On Tue, 12 Oct 2004, Jules Richardson wrote:
Where's IDE these days relative to SCSI?
Very, very good. Except for really demanding jobs, which mail
and ftp archive is not, SCSI is a waste of money.
SCSI controllers
(RAID or otherwise) were always better than IDE - plus you get the
higher reliability, more flexible bus options etc.
Times change! Drives are far cheaper; >> reliability may still
exist in SCSI, but it's not been borne out in my experience.
If you've
got a 100Mbit ether, it's unlikely it will exceed
the disk or OS speed.
Not so convinced about that - remember that's bits, not bytes; ethernet
isn't *that* fast (relative to other things).

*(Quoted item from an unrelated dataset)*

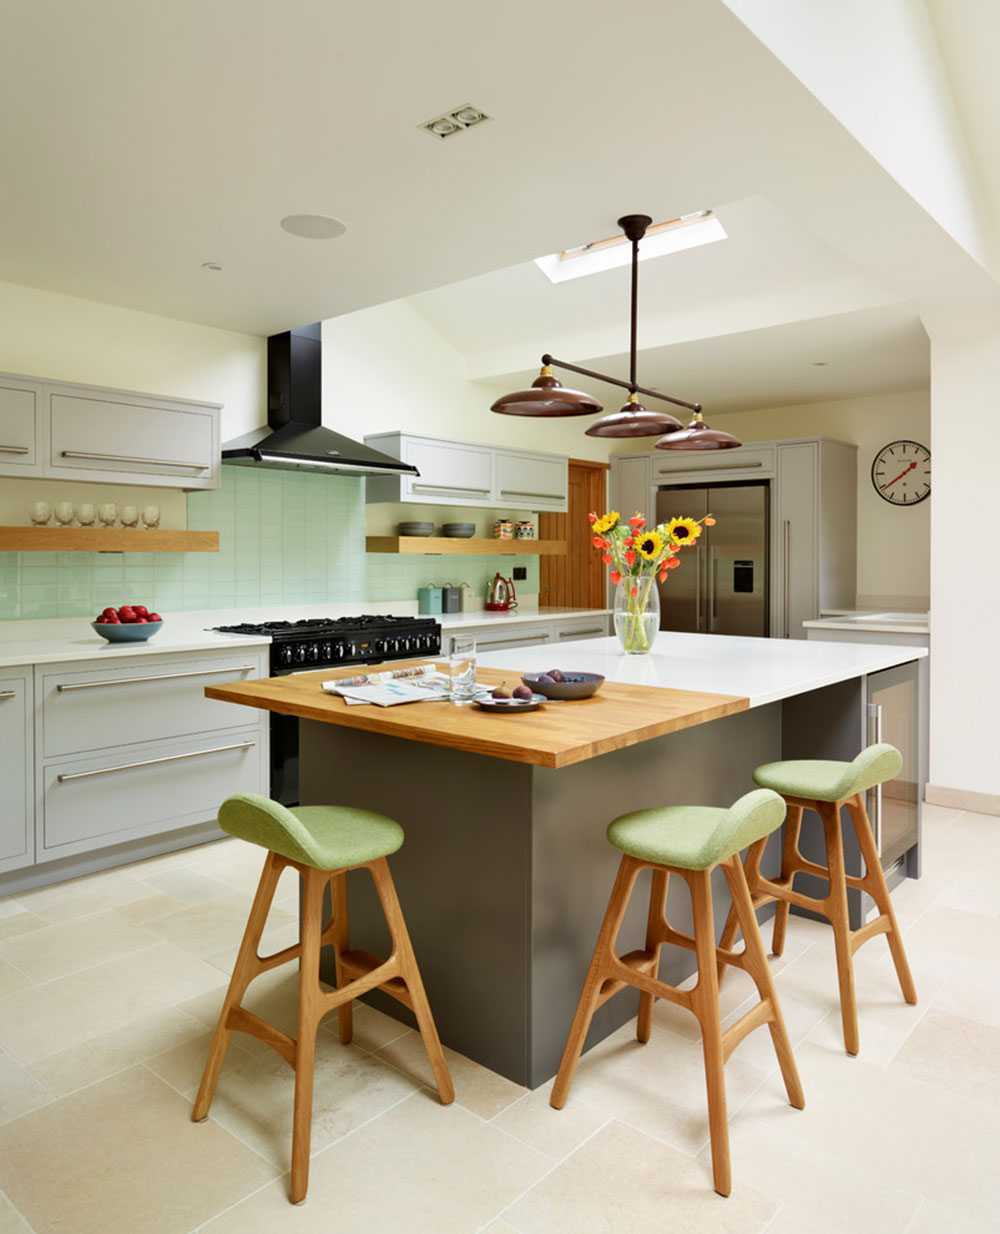 kitchen design with island

(I think you misread this -- without special preparation,
you'll never get > 25 - 50 Mbits/sec through it; that's 5
megabytes/sec peak.
But even this is a false measure; it's not realistic or
practical to size a system by the very tip of peak performance
requirements. More empirical tests are appropriate: how long does
it ACTUALLY take to explode mail? What portion of that is spent
on-disk? (My guess, from actually working with giant mailers, is
90% of the time is spent on the net tied up in TCP-open waits!)
As for mirroring to a seperate machine (if that's
what you were
intending) then disk performance should easily outstrip network
bandwidth
Even a fair EIDE system on a modern machine will keep 100megabit
ether 100% soaked 100% of the time if you're just copying
data over a wire. But rarely is that how files are moved,
and certainly not over the open internet!
(and could probably upset the underlying mail software
whilst
mirroring was taking place) -
I simply don't believe this. This is what OS's *do*. Or maybe
I misread this. Temp files disappear during backups all the
time, it's rarely a problem (occasional "file disappeared!" in
the log).
I'd go for a seperate ethernet link
between machines just for mirroring purposes in that case.
Utter waste of time. It could improve stopwatch times to complete
a mirror; but who cares unless the time is significant? This is
what computers *are for*, to do drudgery. If you've got the
ethernet on board, by all means, but otherwise it's a waste
without an actual need.
Unless you have a tightly-specified problem and constraints,
it's best to solve problems when the occur.